> [Exercise aim]: Only the lines below from the one containing "Γυναικείο φόρεμα ρίπ" through the last line should be set down, exactly as written and with no pictures.

> [Data block]:
★ ★ ★ ★

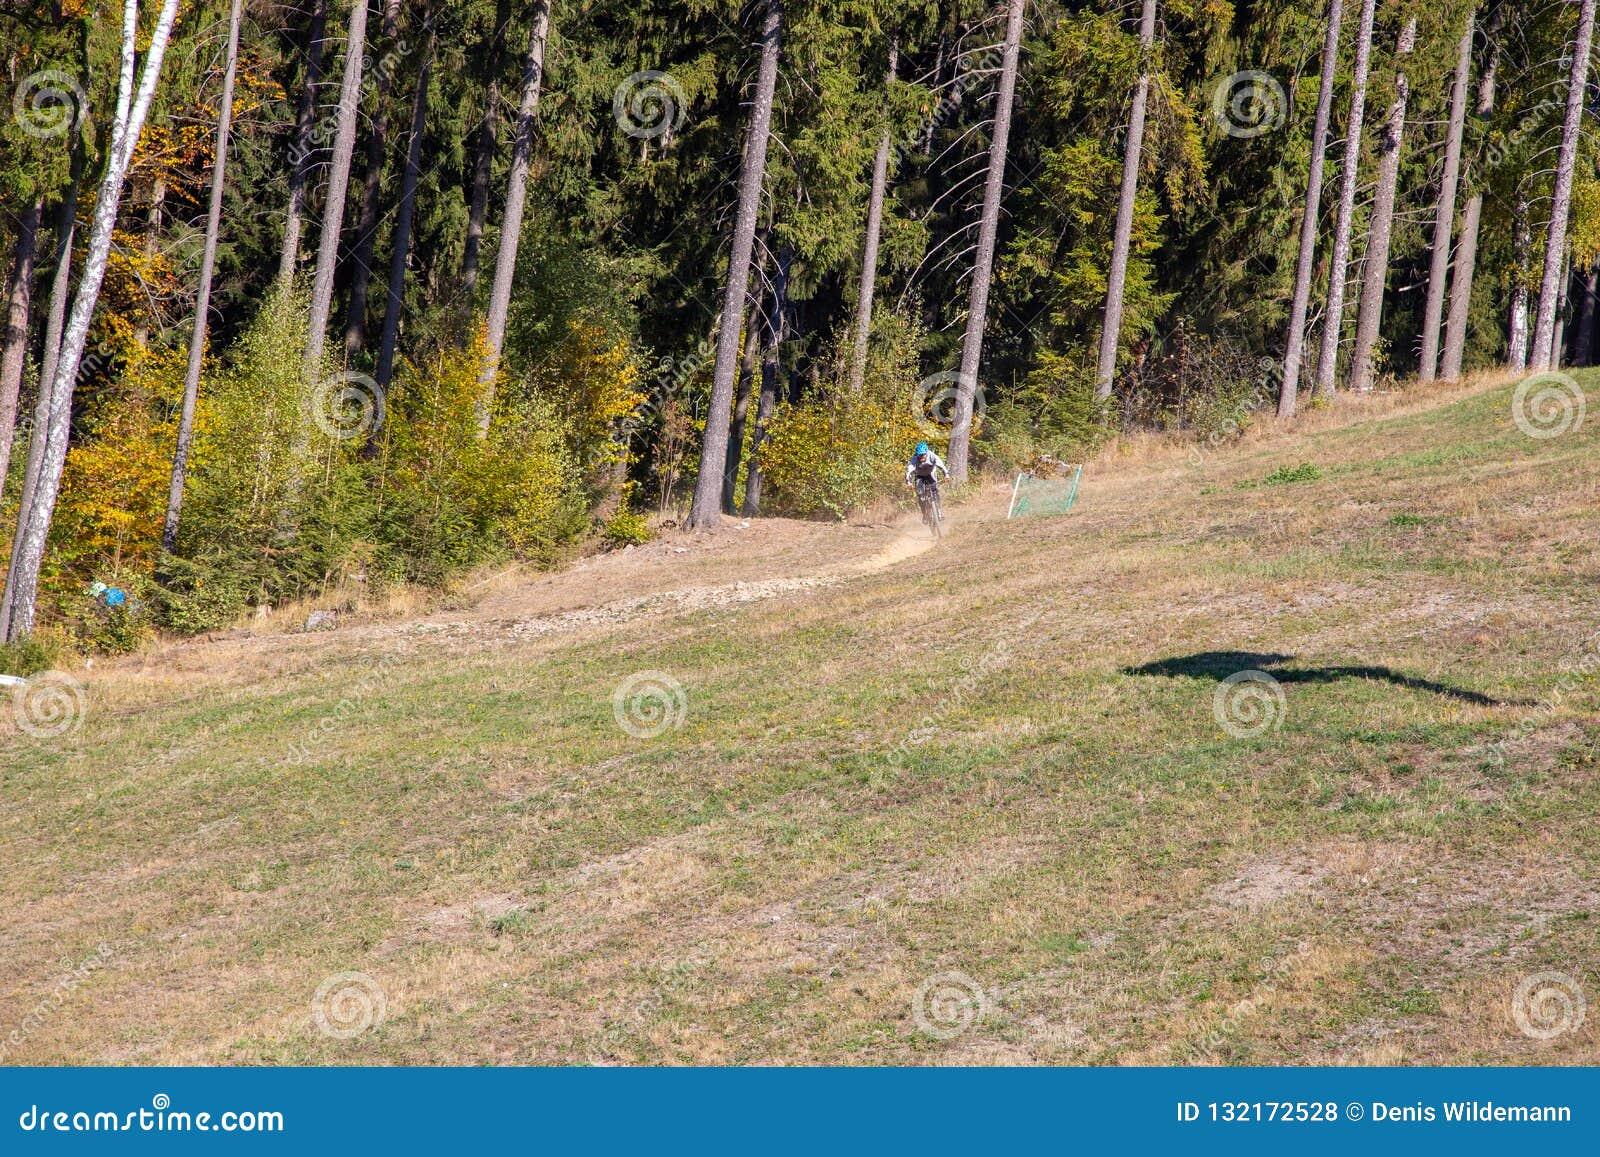 Mountainbiker en una pendiente a través del bosque
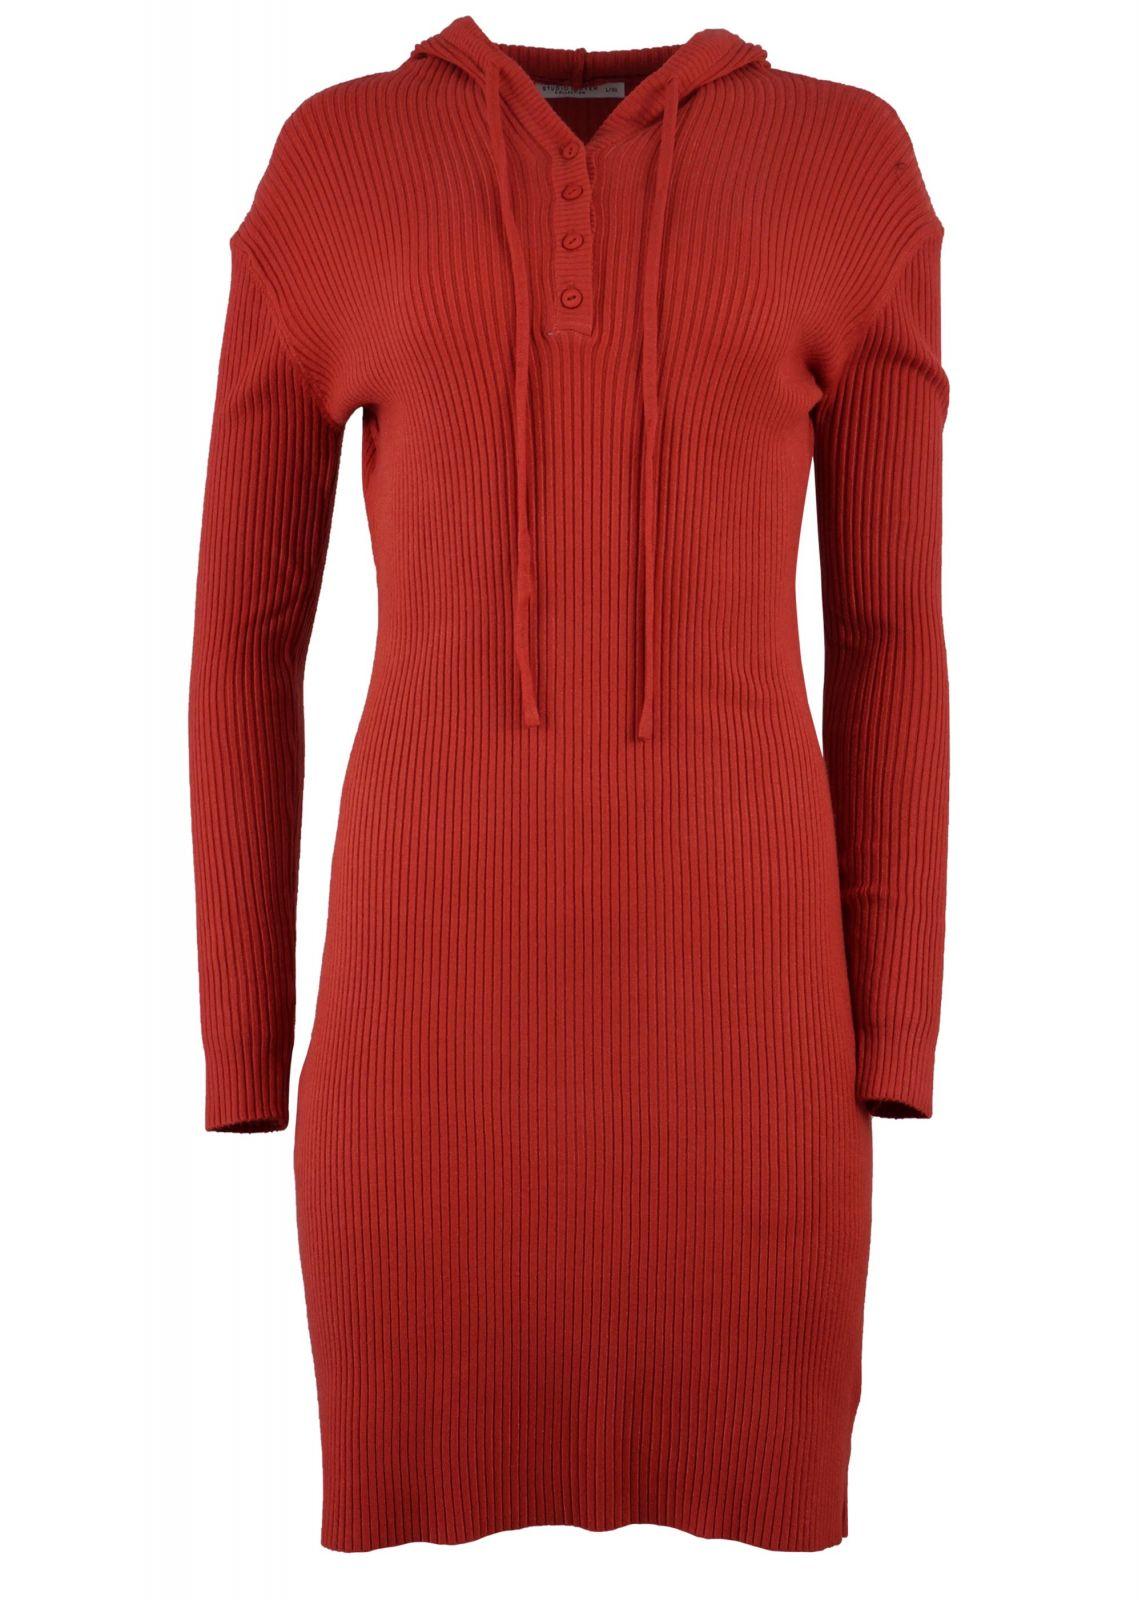 Γυναικείο φόρεμα ρίπ ελαστικό με κουκούλα. Casual Style. COPPER - gsecret -
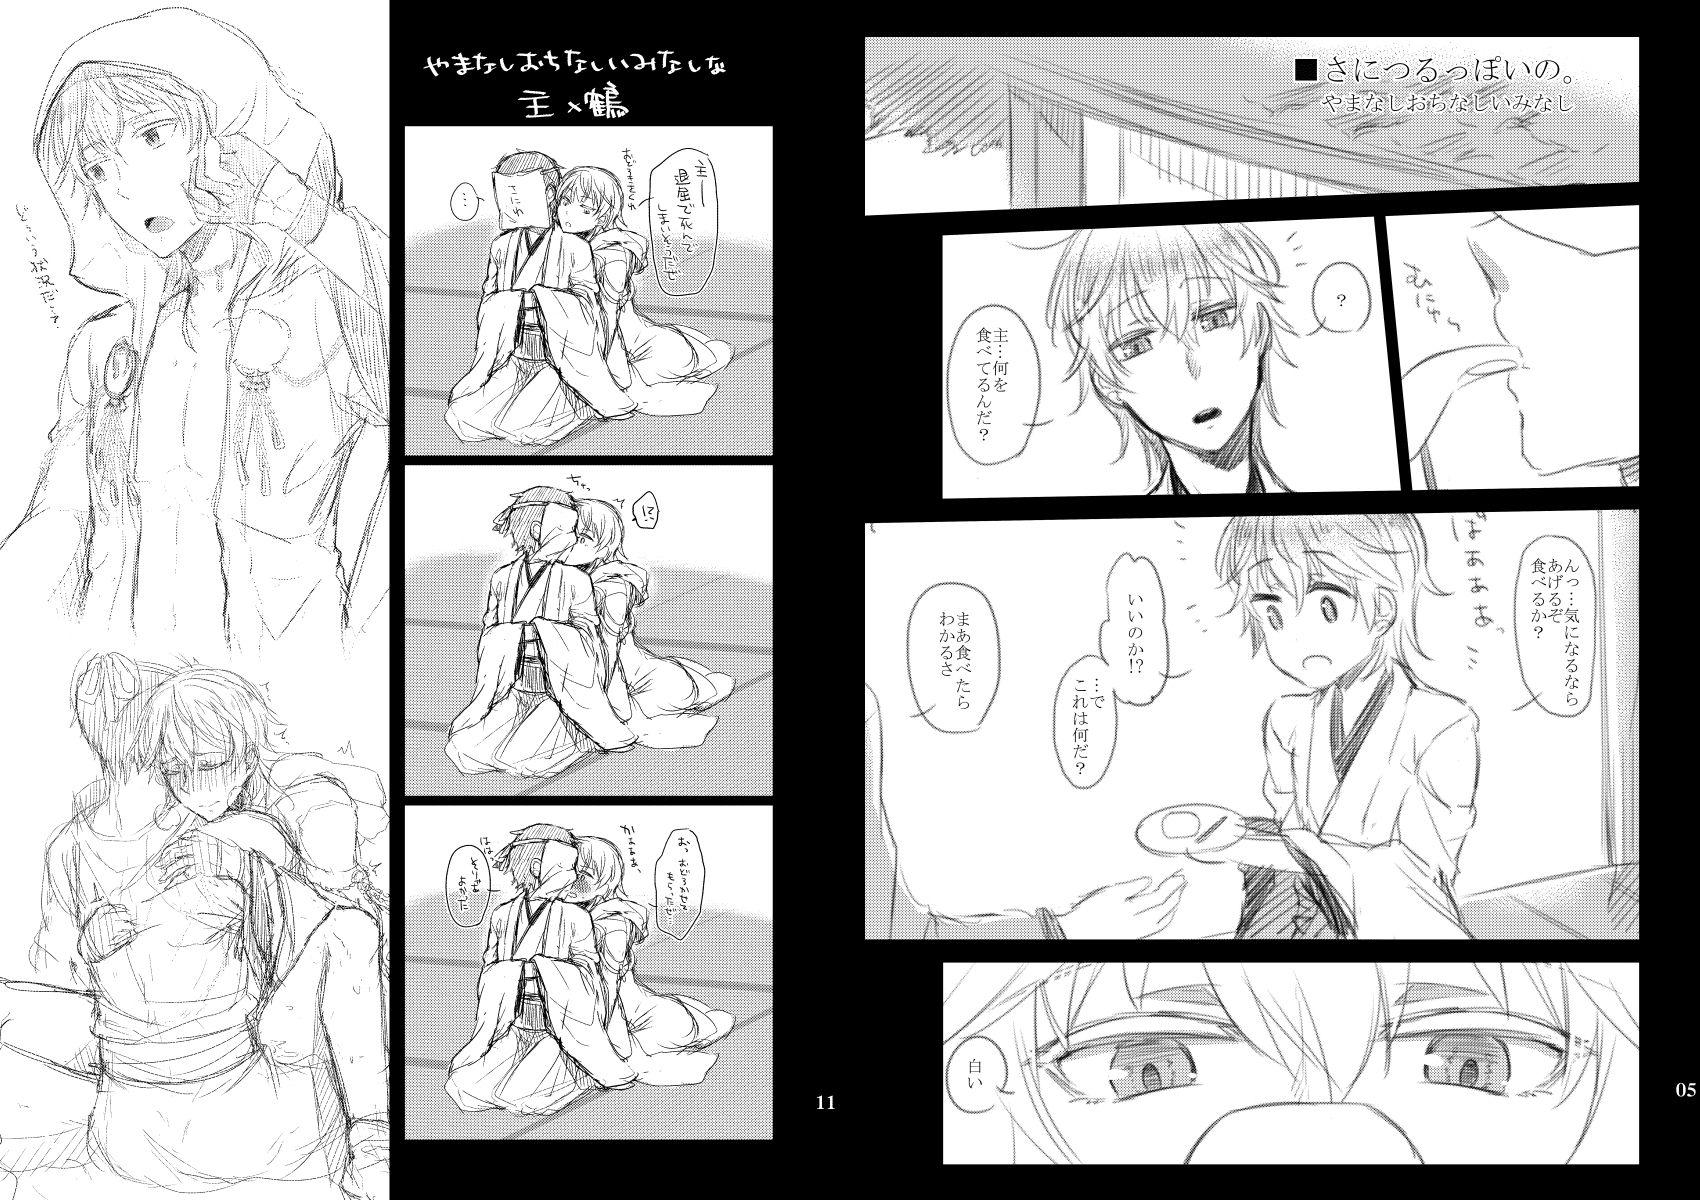 GumiBukuro03+05 変態審神者と鶴○さん 再録集

★ ★ ★ ★

> [Task output]:
 Γυναικείο φόρεμα ρίπ ελαστικό με κουκούλα. Casual Style. COPPER - gsecret -
 GumiBukuro03+05 変態審神者と鶴○さん 再録集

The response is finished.